▶ TASK GOAL
Output the listing below verbatim, but drop the images.

▶ STORED DATA
= = = =
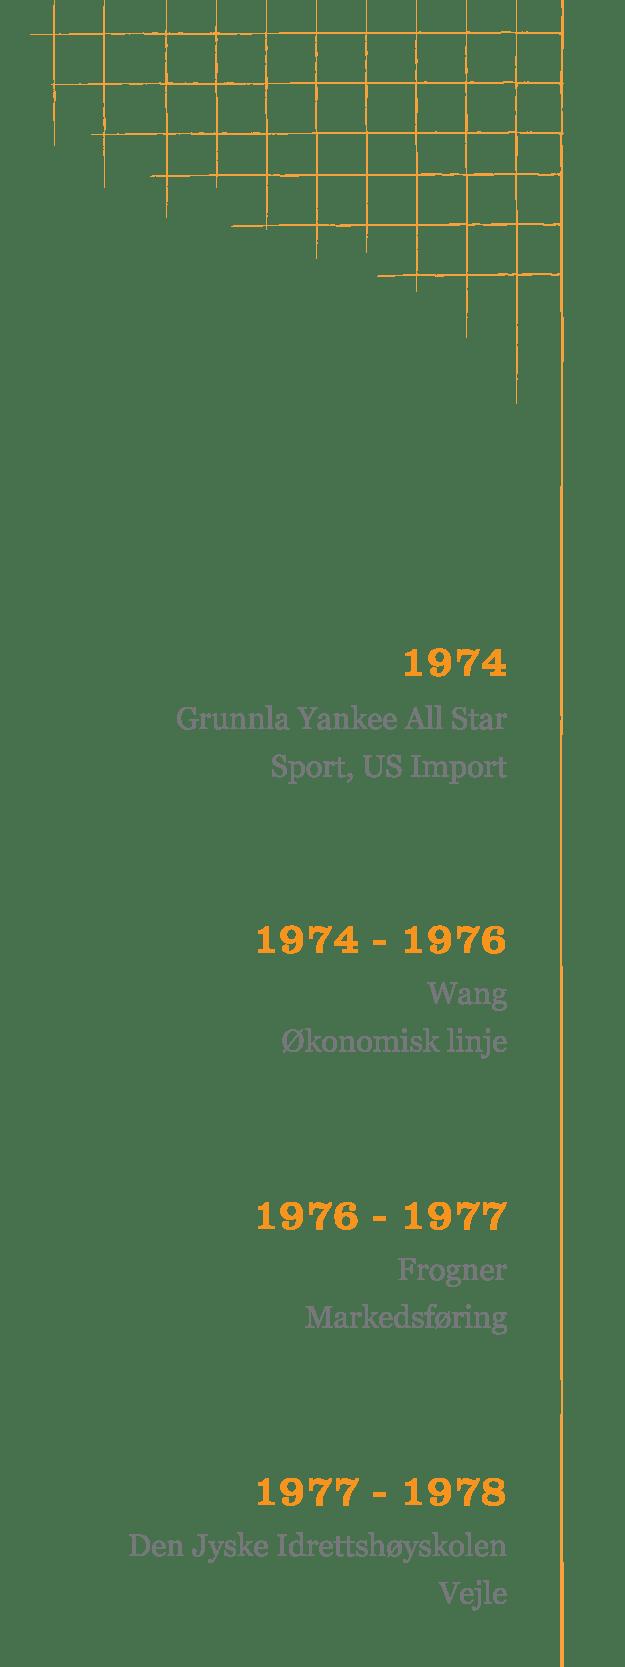 stokke tidslinje 1970
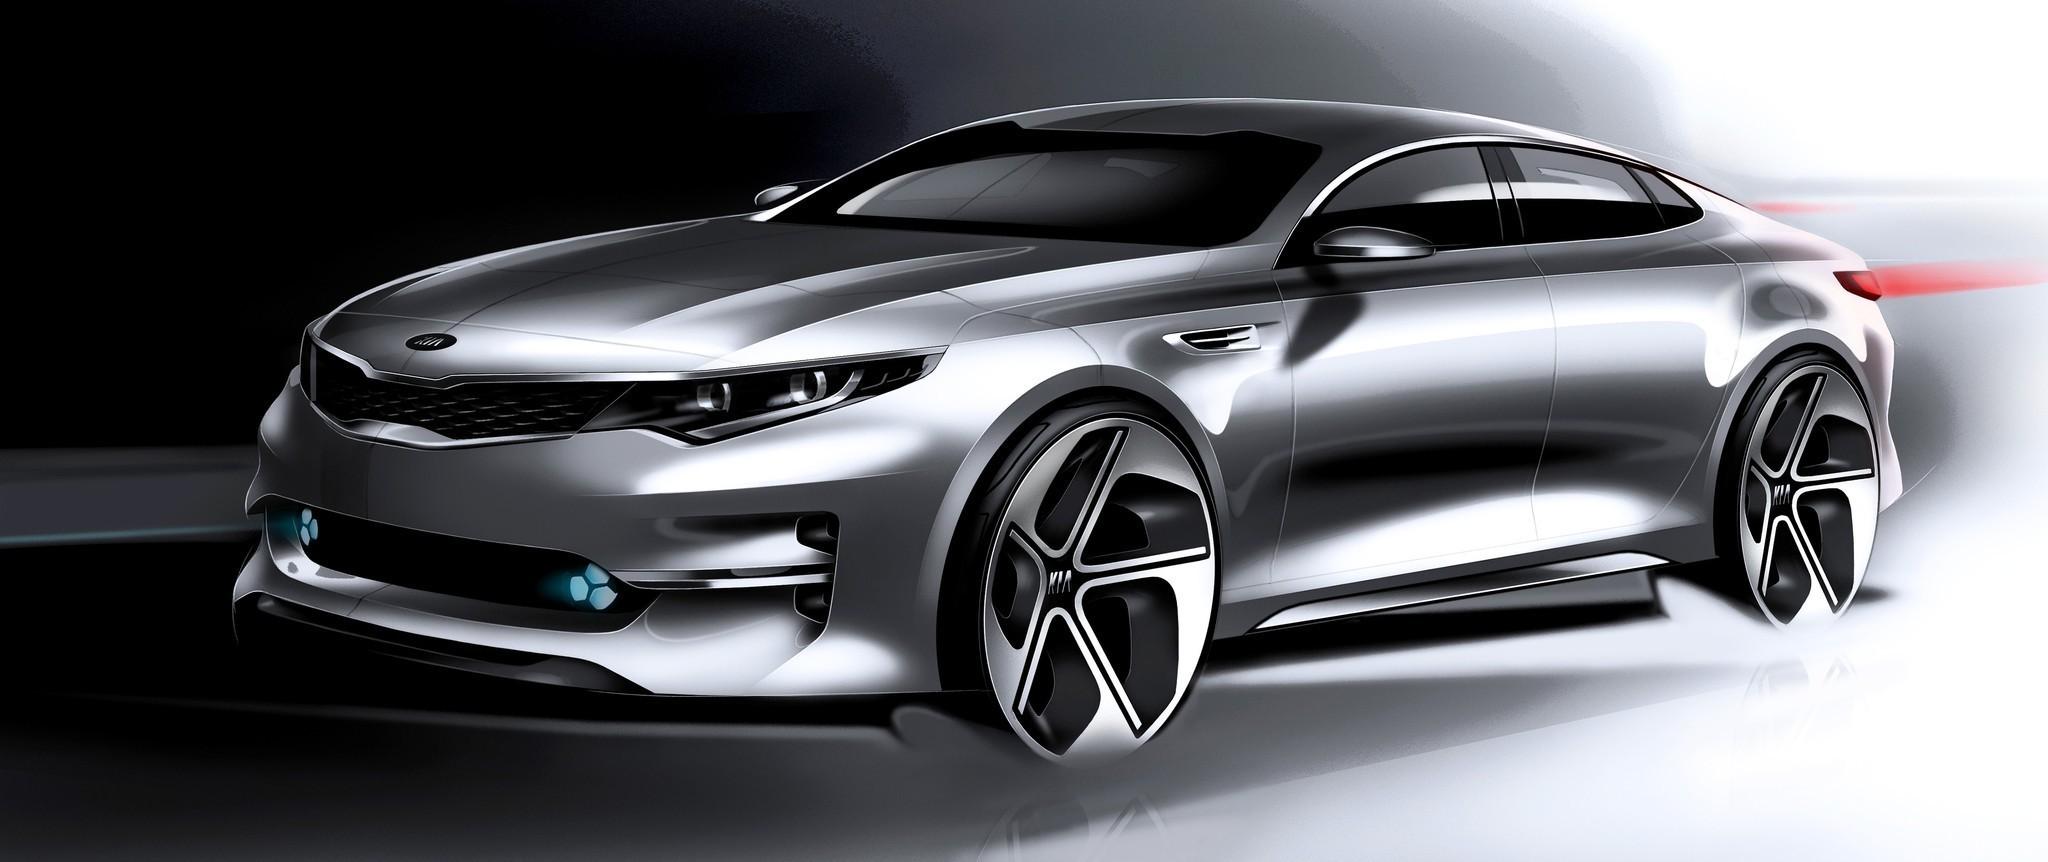 New York Auto Show: Kia's new Optima sedan to debut
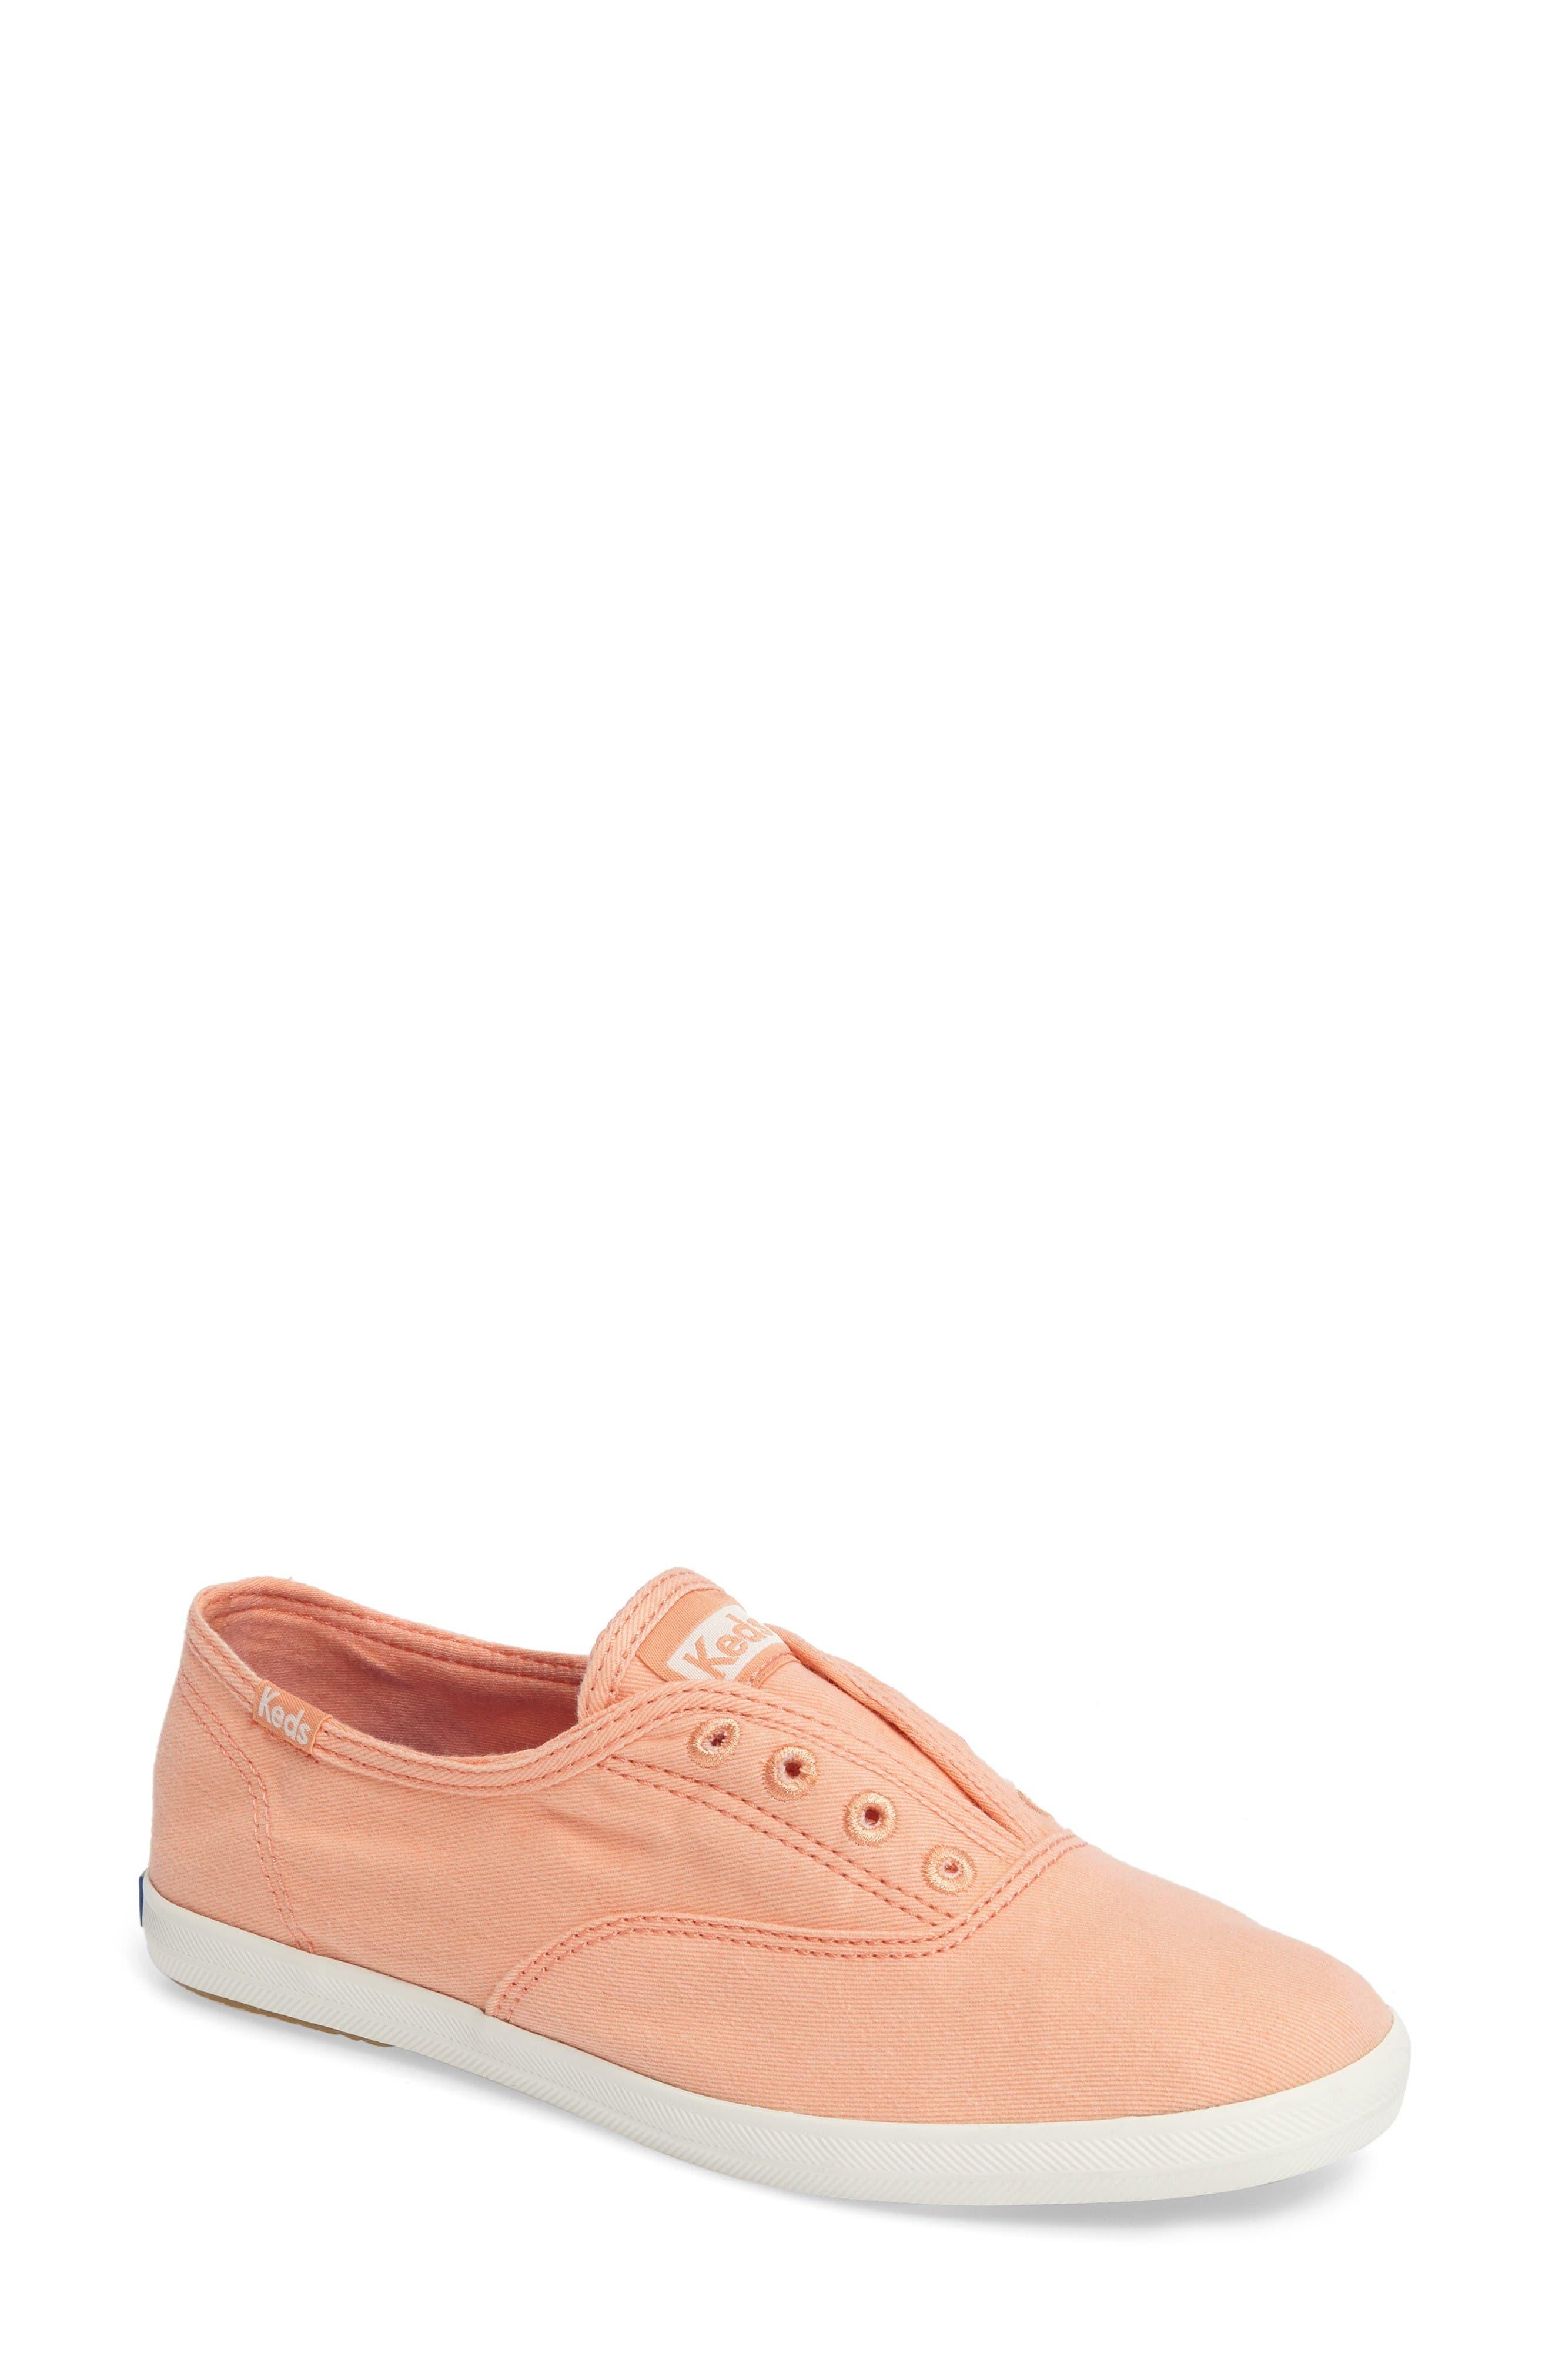 Alternate Image 1 Selected - Keds® 'Chillax' Ripstop Slip-On Sneaker (Women)
= = = =
▶ TASK ANSWER
 stokke tidslinje 1970
 New York Auto Show: Kia's new Optima sedan to debut
 Alternate Image 1 Selected - Keds® 'Chillax' Ripstop Slip-On Sneaker (Women)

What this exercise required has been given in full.